A lawsuit was filed against a man who shot down a drone over his Hillview home last summer. It seeks to settle the expectations about homeowners’ “Right to Privacy.” With an increasing number of drones hovering relatively close to the ground and uncomfortably close to private properties and homes, the lawsuit over the shot-down drone could open the Pandora’s Box concerning the federal government’s exclusive sovereignty over the skies, reported USA Today .
The Kentucky man, whose drone was shot down by his neighbor last year, has now filed a federal lawsuit. An earlier lawsuit was dismissed by a local judge. The lawsuit was filed against William Merideth, who calls himself the “Drone Slayer.” In October 2015, the judge dismissed charges levied against him for firing a gun within city limits, reported the Messenger-Inquirer . The newly-filed lawsuit now asks the court to make a legal determination as to whether his drone’s July 2015 flight constituted trespass.
In this lawsuit, the plaintiff, David Boggs, also wants the court to rule that he is entitled to damages.
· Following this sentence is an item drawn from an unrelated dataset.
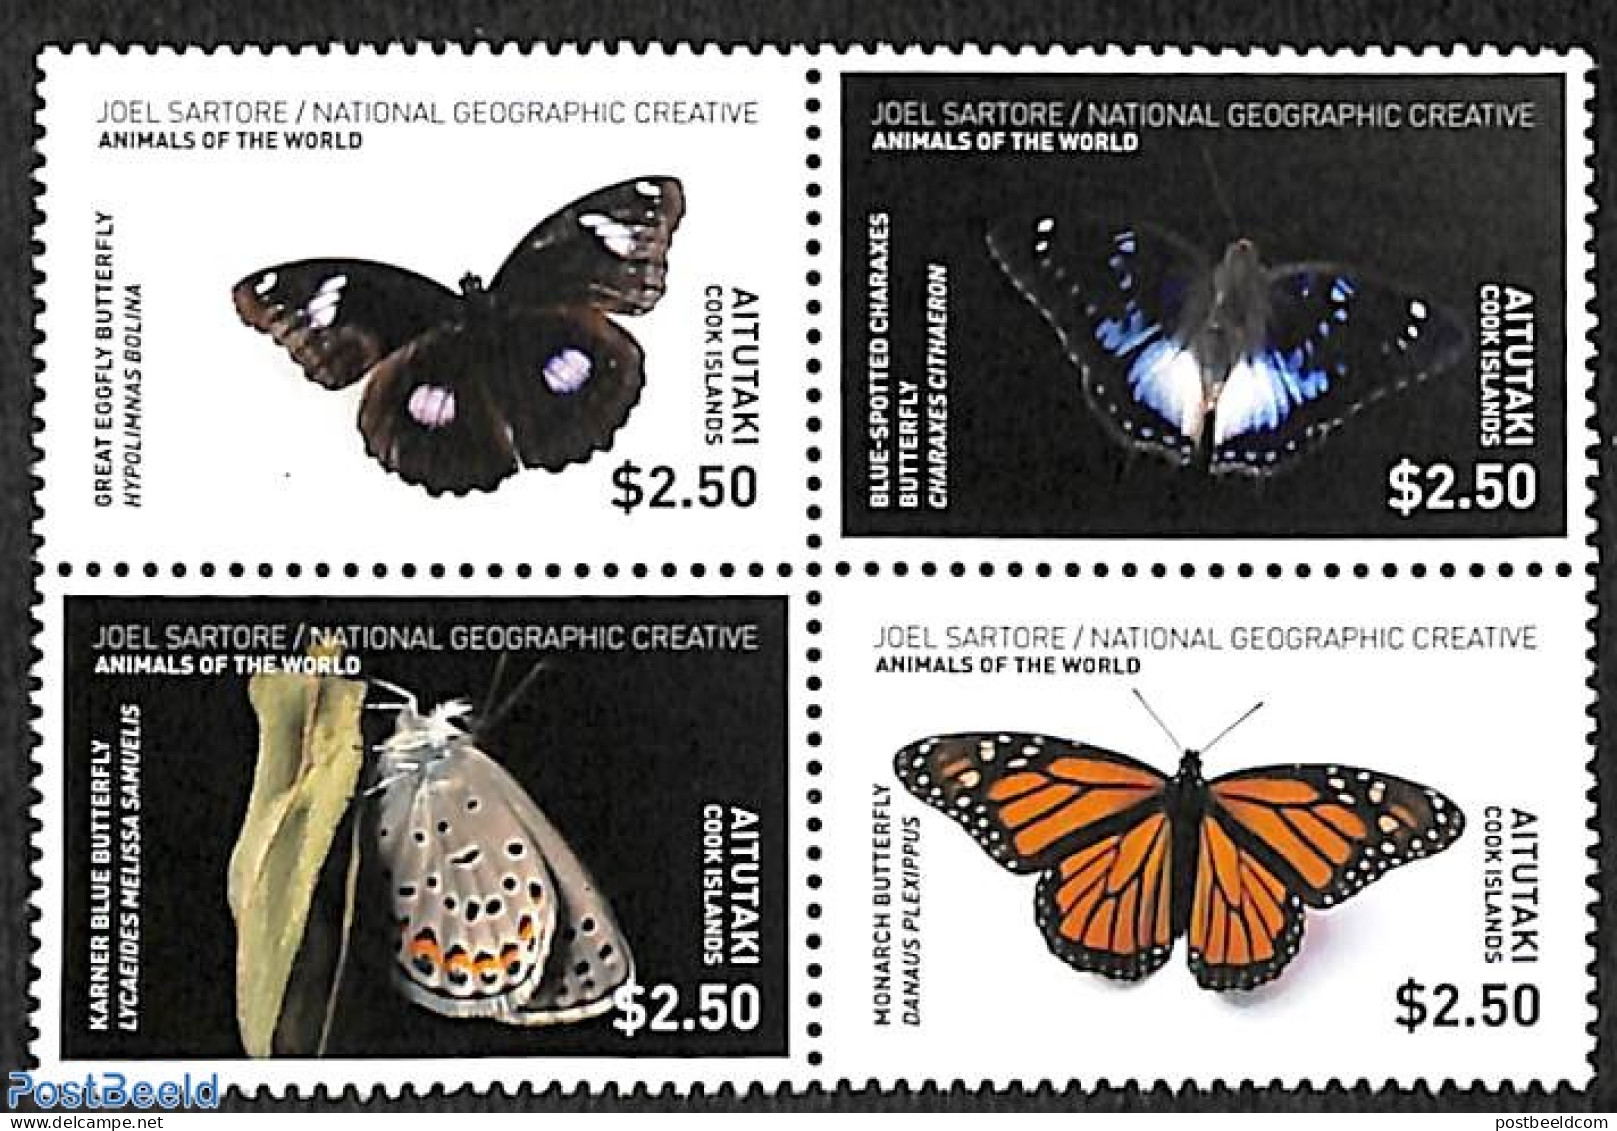 Aitutaki 2017 Butterflies 4v [+], Mint NH, Nature - Butterflies - Aitutaki

But what’s truly interesting is the approach Boggs’ lawyer, James Mackler, has taken.
In the civil complaint, Mackler categorically mentioned, “The United States Government has exclusive sovereignty over airspace of the United States pursuant to 49 U.S.C.A. § 40103. The airspace, therefore, is not subject to private ownership nor can the flight of an aircraft within the navigable airspace of the United States constitute a trespass.”
The Federal Aviation Administration made it absolutely clear that it has the sole authority over the national airspace.
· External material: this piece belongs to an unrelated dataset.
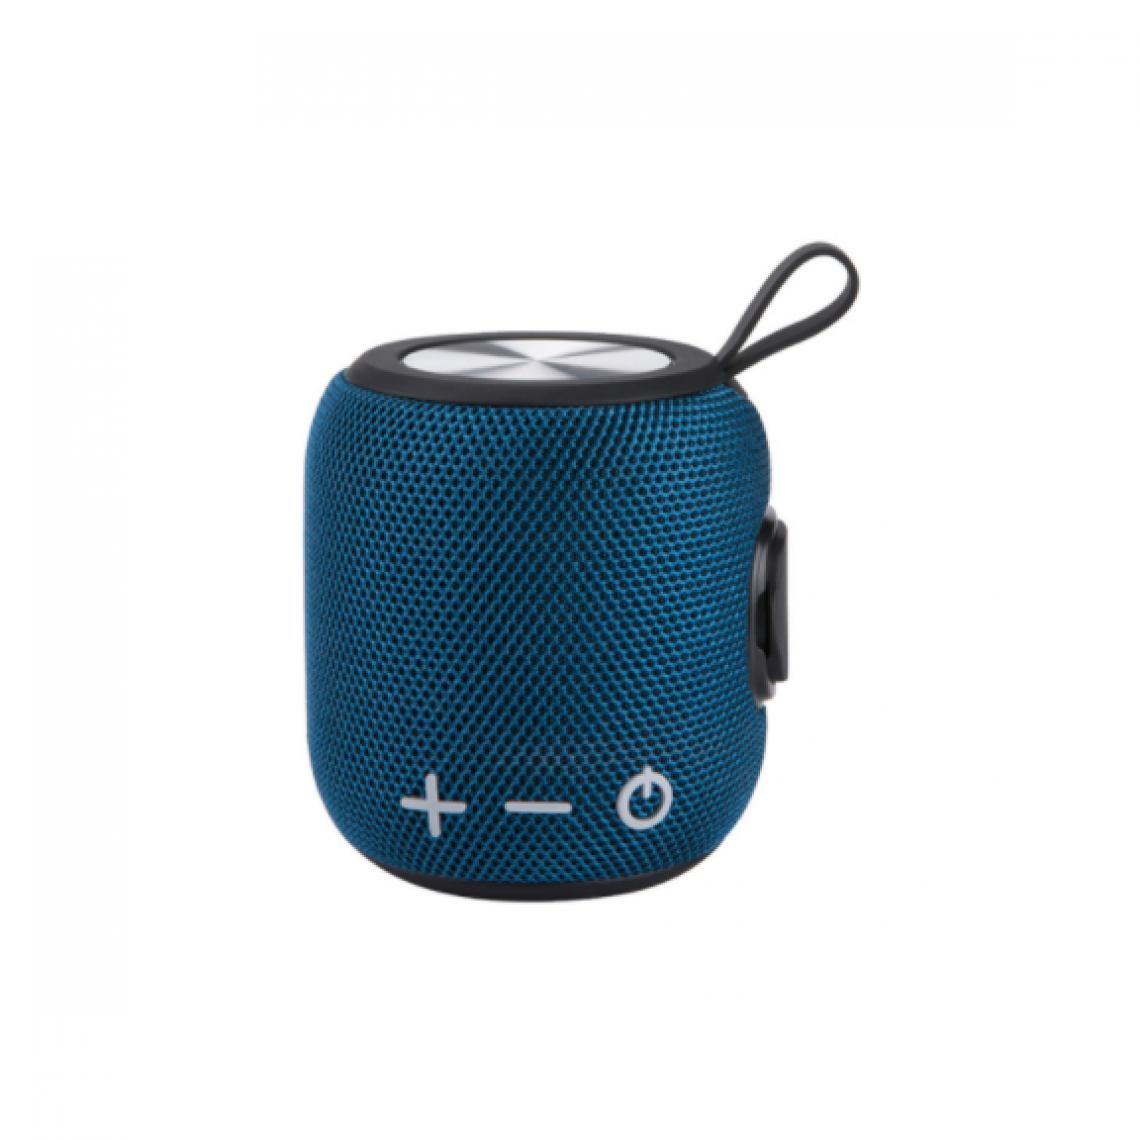 Chrono - Mini haut-parleur Bluetooth portable, haut-parleur sans fil Bluetooth 5.0, son surround HD à 360 degrés et basses stéréo complètes, étanche IPX9, adapté aux voyages, aux piscines et aux douches(Bleu foncé) - Enceintes Hifi

Les Dorr, an FAA spokesman, said in a statement last year, “The FAA is responsible for the safety and management of US airspace from the ground up.”
However, the law differs slightly in Kentucky. The local law grants permission to landowners to use force that’s necessary to prevent trespassing. The issue hasn’t been dealt with since the famous case filed in 1946. Back then, the Supreme Court ruled that a North Carolina farmer could legally assert property rights up to 83 feet in the air. Incidentally, the farmer was forced to file the lawsuit because of military aircraft, which were flying too low to his fields, were disturbing his cows and chickens and disrupting peace around the pastures.
Needless to say, this was long before the advent of drones. These Unmanned Aerial Vehicles (UAVs) are increasingly used for everything from aerial surveys to search and rescue operations and from wildlife tracking to catching cheaters during an exam. There are hundreds of models of UAVs openly sold in markets in America, and their user base is exploding, from amateur photographers to hobbyists who are merely interested in aerial acrobatics of these miniature flying machines.
With a wingspan ranging anywhere between six inches and 246 feet, a large variety of drones has started invading the skies. They are now posing a threat to commercial aircraft. But what’s equally concerning is their ability to peer into the homes while hovering just a few feet off the ground. The fact that these drones are equipped with high-resolution imagery only makes matters worse.
Merideth had shot down a DJI Phantom 3, an advanced version, used by professionals. With a price tag of $1,500, the drone isn’t meant for amateurs. Capable of reaching altitudes of a few hundred feet, the drone was brought down by the “Drone Slayer” because it was allegedly being used to snoop on his daughters. The plaintiff, however, has proof that his drone never ventured very close to the accused’s house.
Privacy advocates have long maintained that misusing a drone to spy on a neighbor is no different than climbing a ladder to look into their upstairs window. This lawsuit over the shot-down drone could enact laws that clearly spell out the limits and boundaries for the UAVs.